## Given information
****

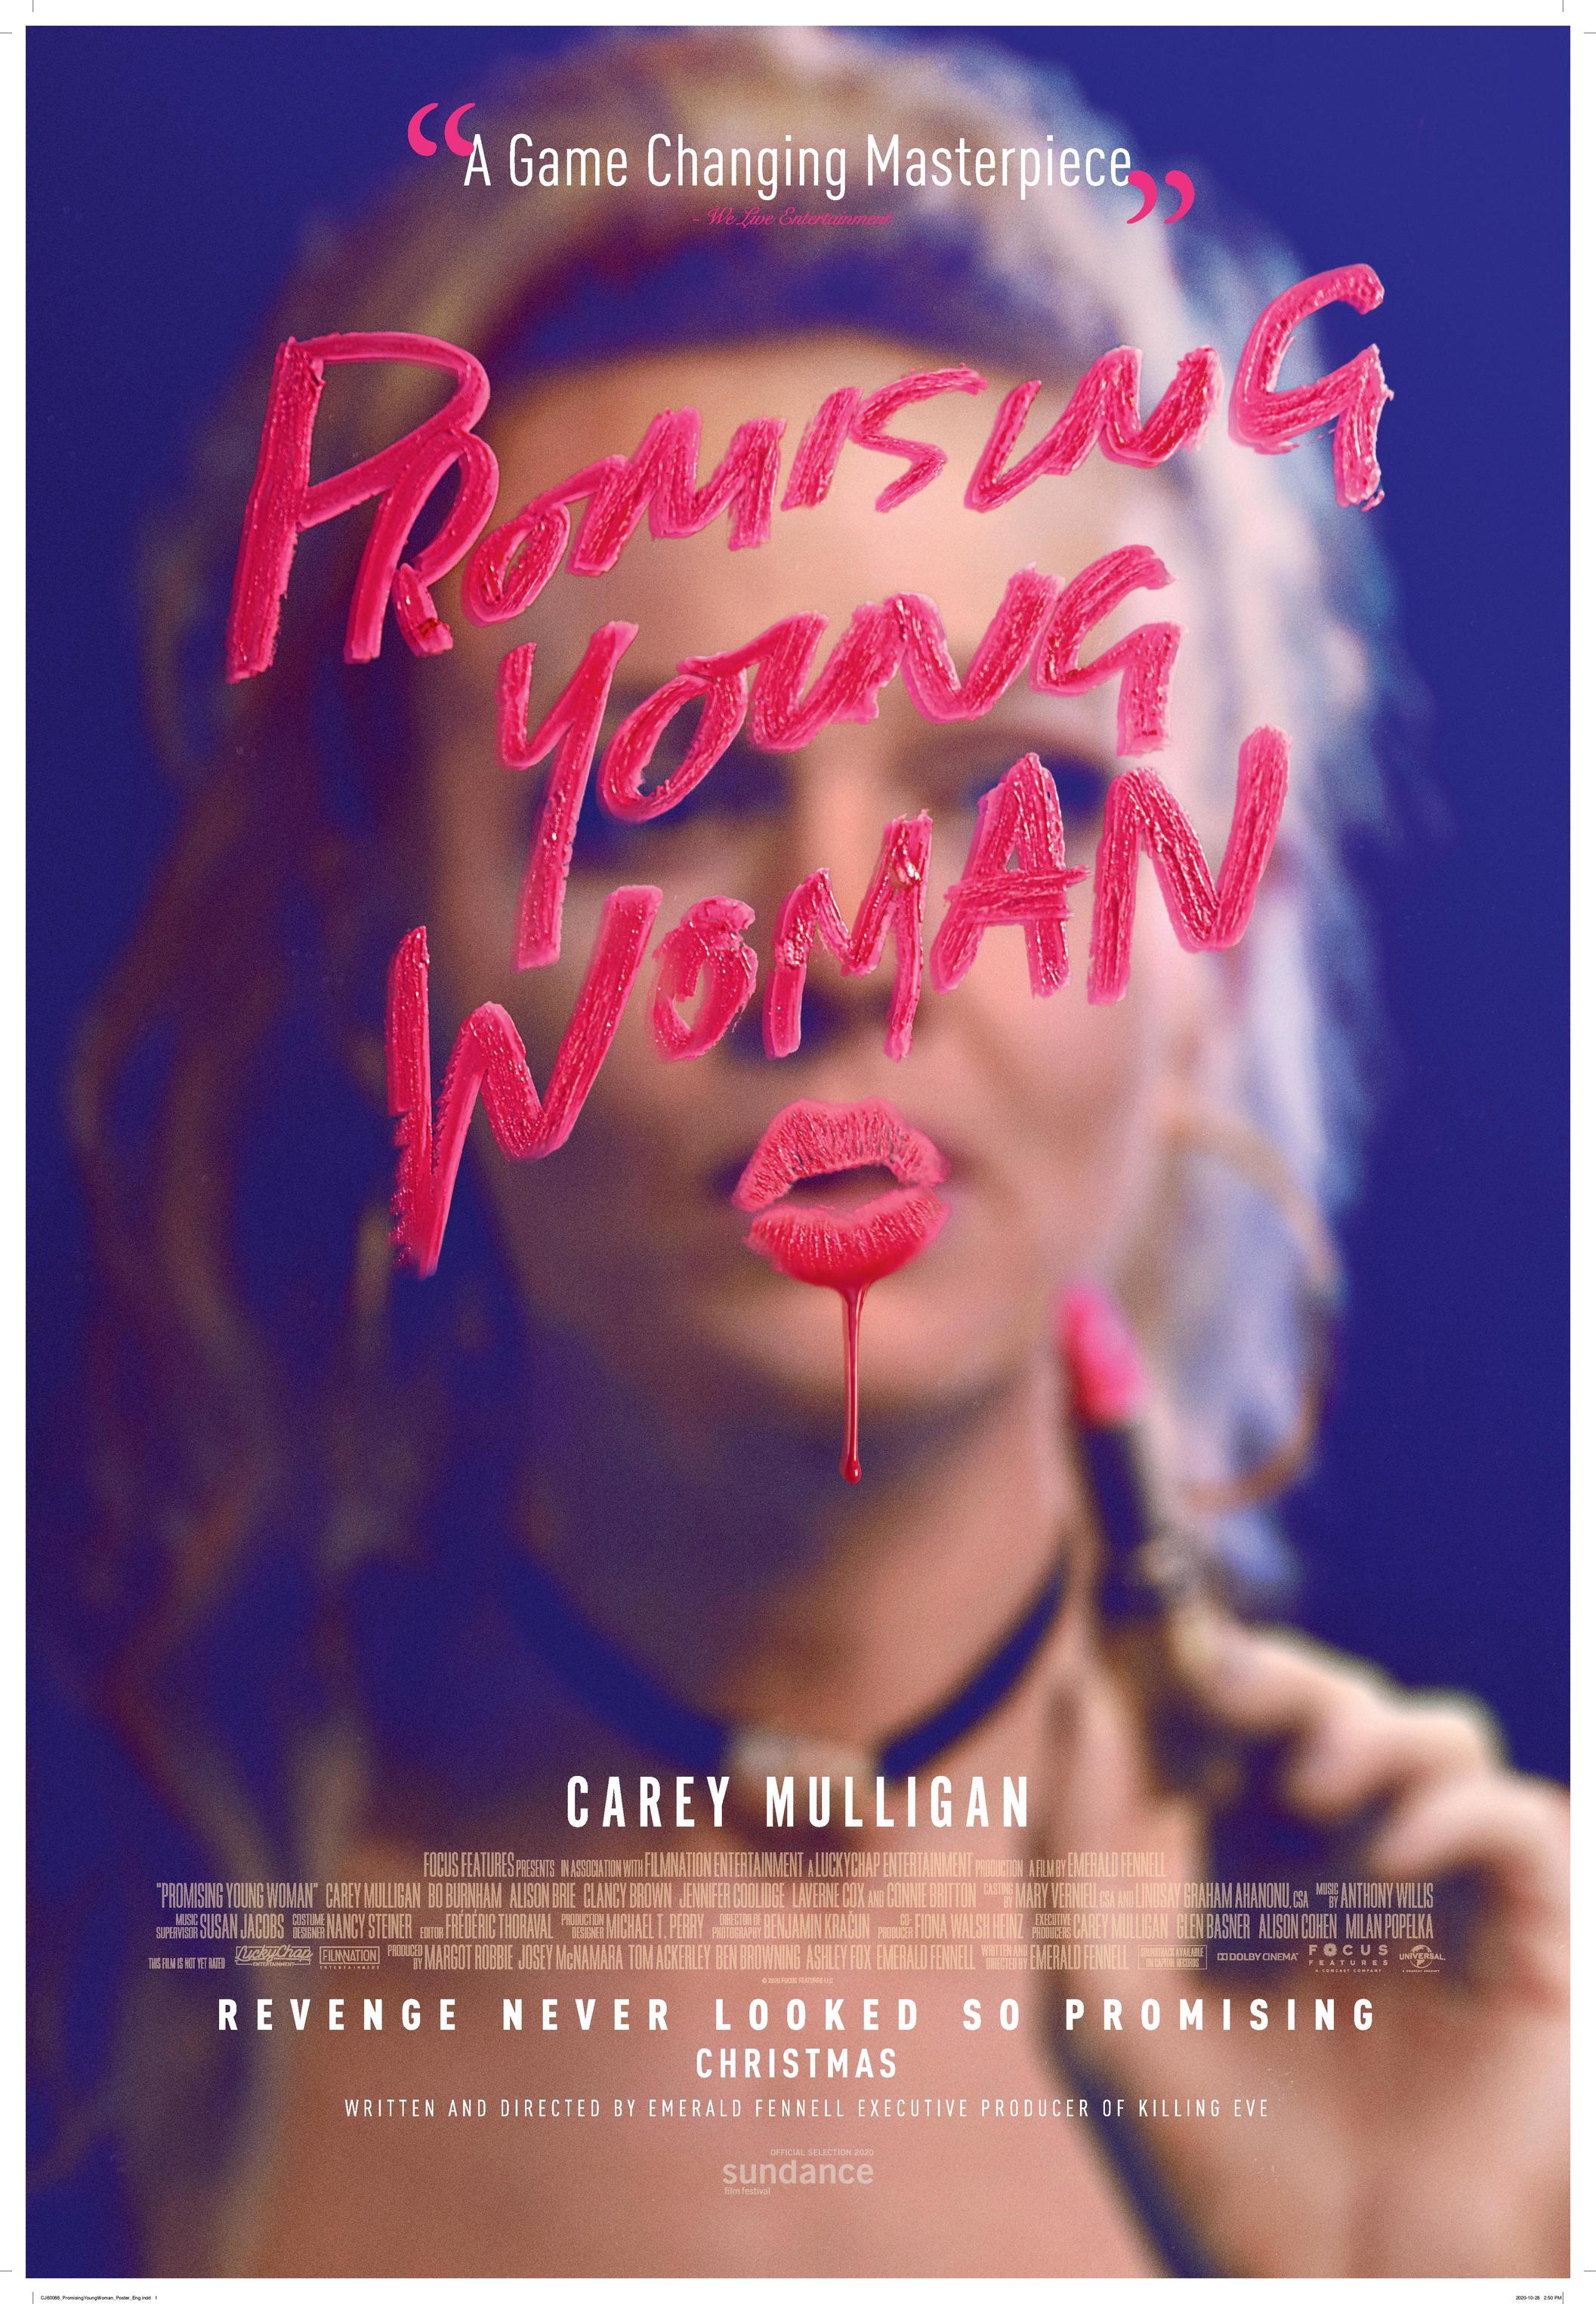 A young woman writes the title of the film in lipstick, with the lip mark superimposed over her own lips 
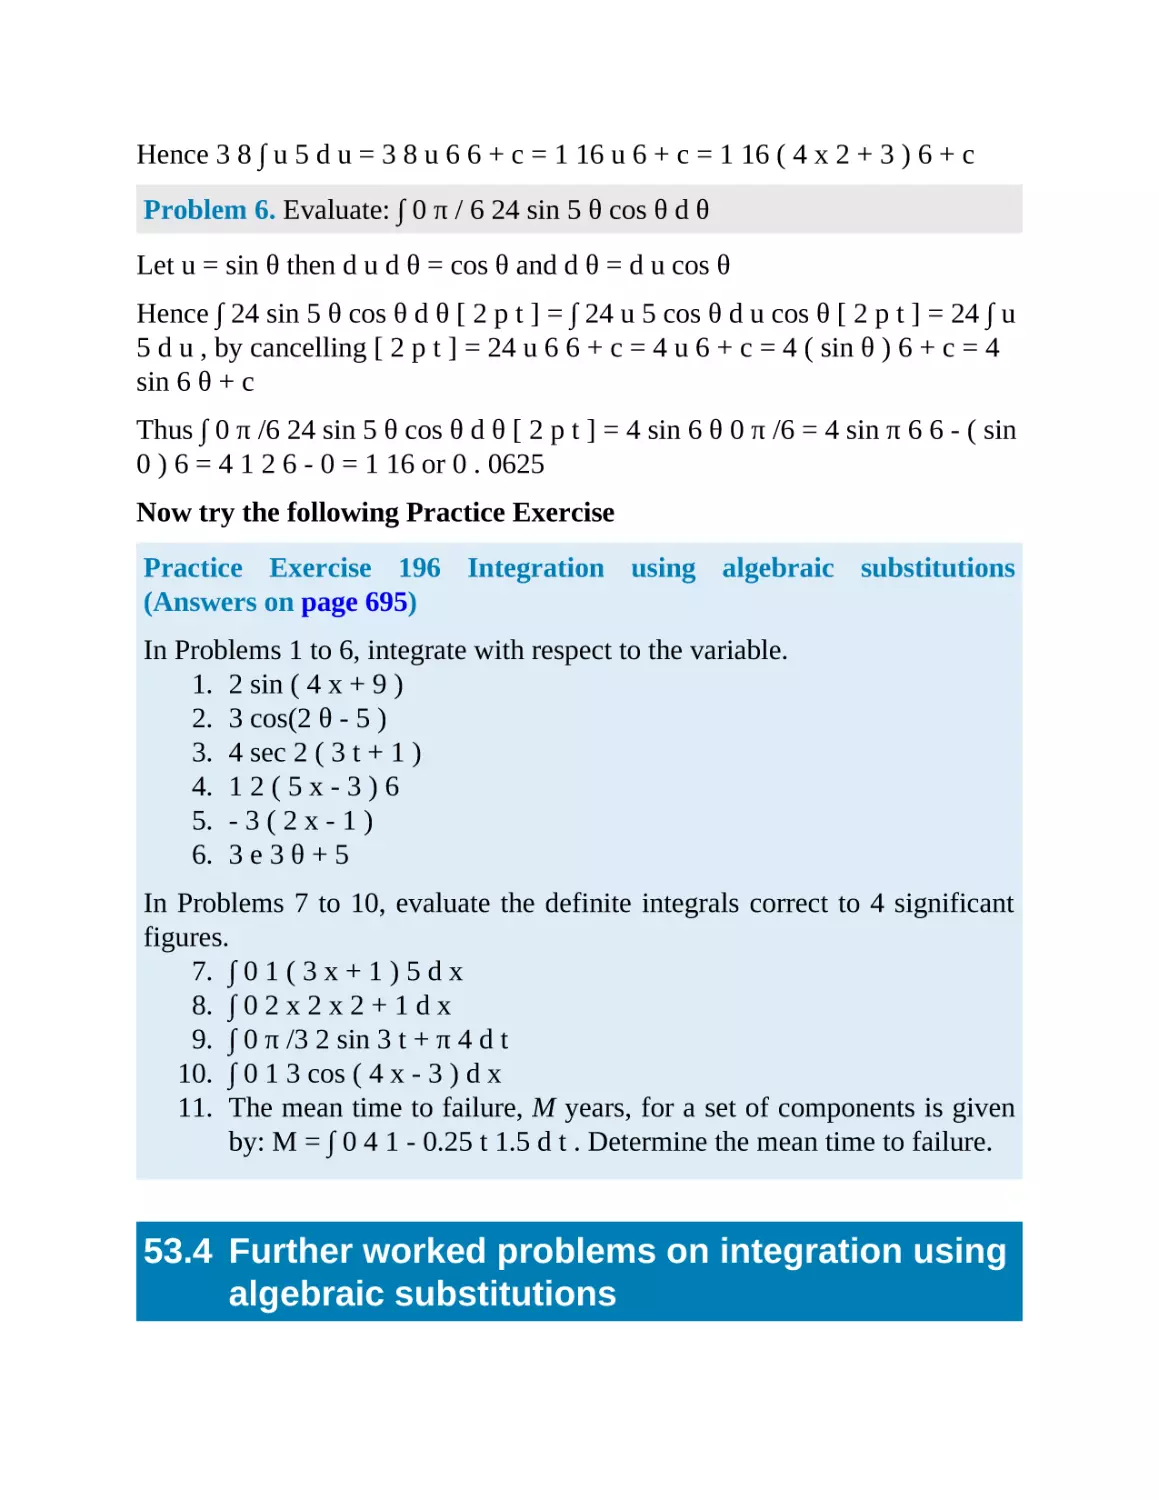 53.4 Further worked problems on integration using algebraic substitutions
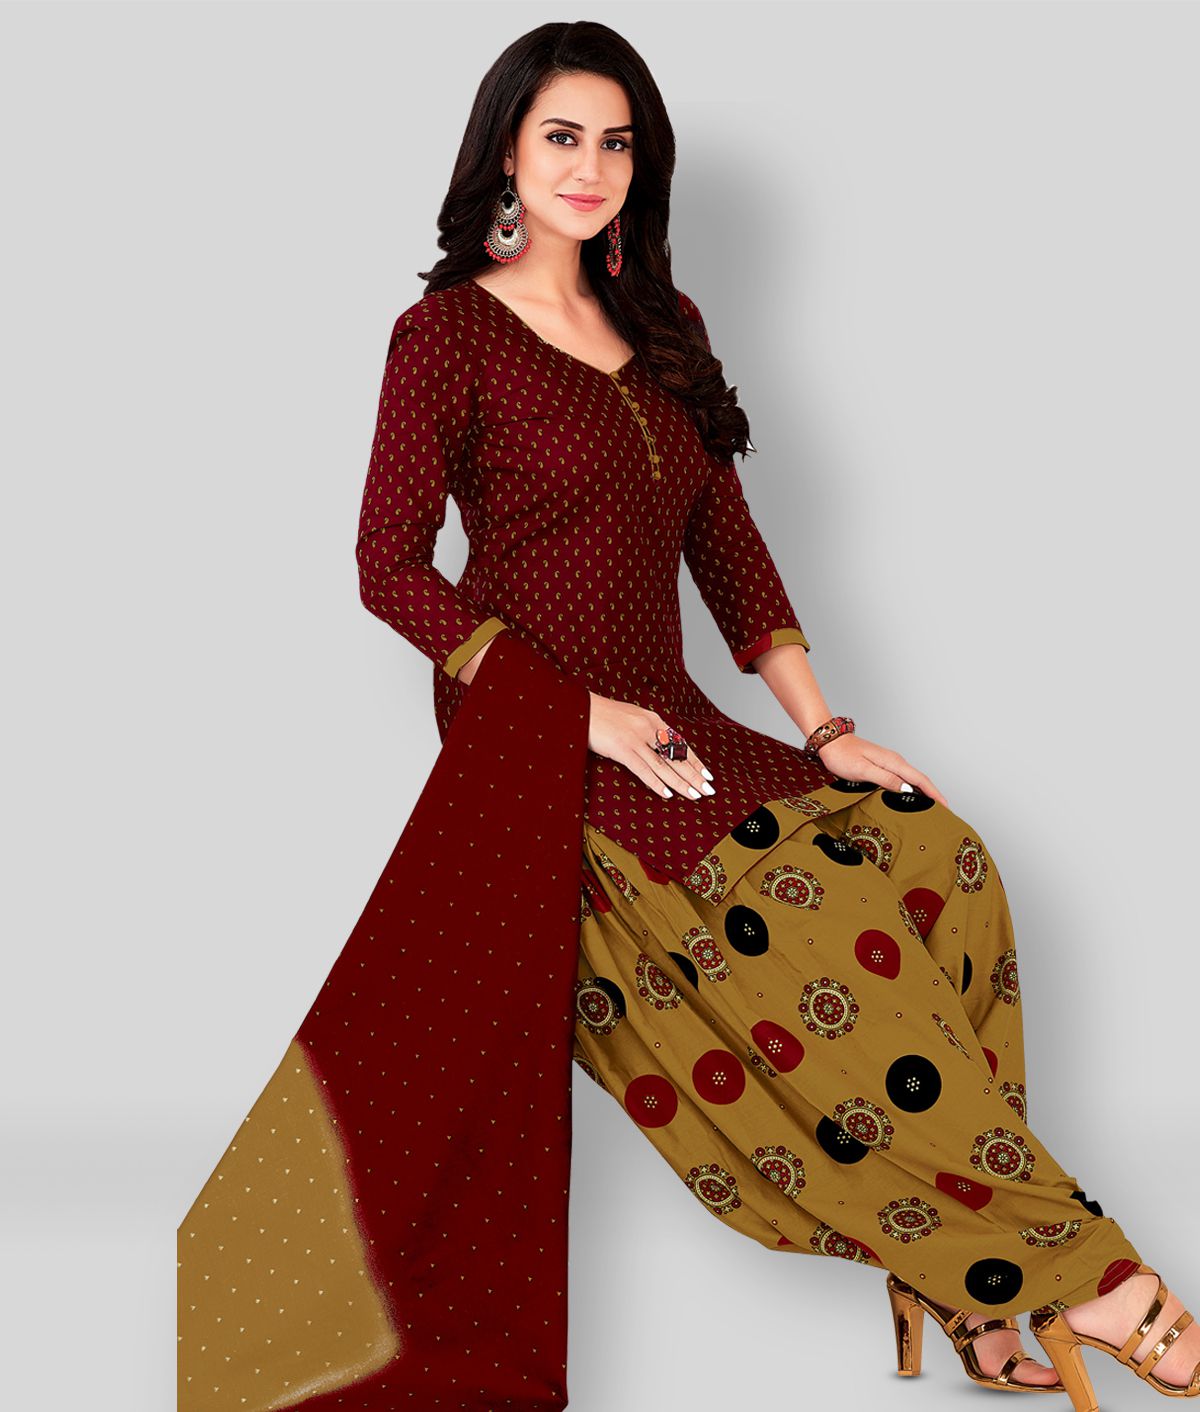     			shree jeenmata collection - Maroon Straight Cotton Women's Stitched Salwar Suit ( Pack of 1 )

****

## Your goal
Reproduce the material word for word. Skip every picture it holds.

## Task answer
 A young woman writes the title of the film in lipstick, with the lip mark superimposed over her own lips 
 53.4 Further worked problems on integration using algebraic substitutions
     			shree jeenmata collection - Maroon Straight Cotton Women's Stitched Salwar Suit ( Pack of 1 )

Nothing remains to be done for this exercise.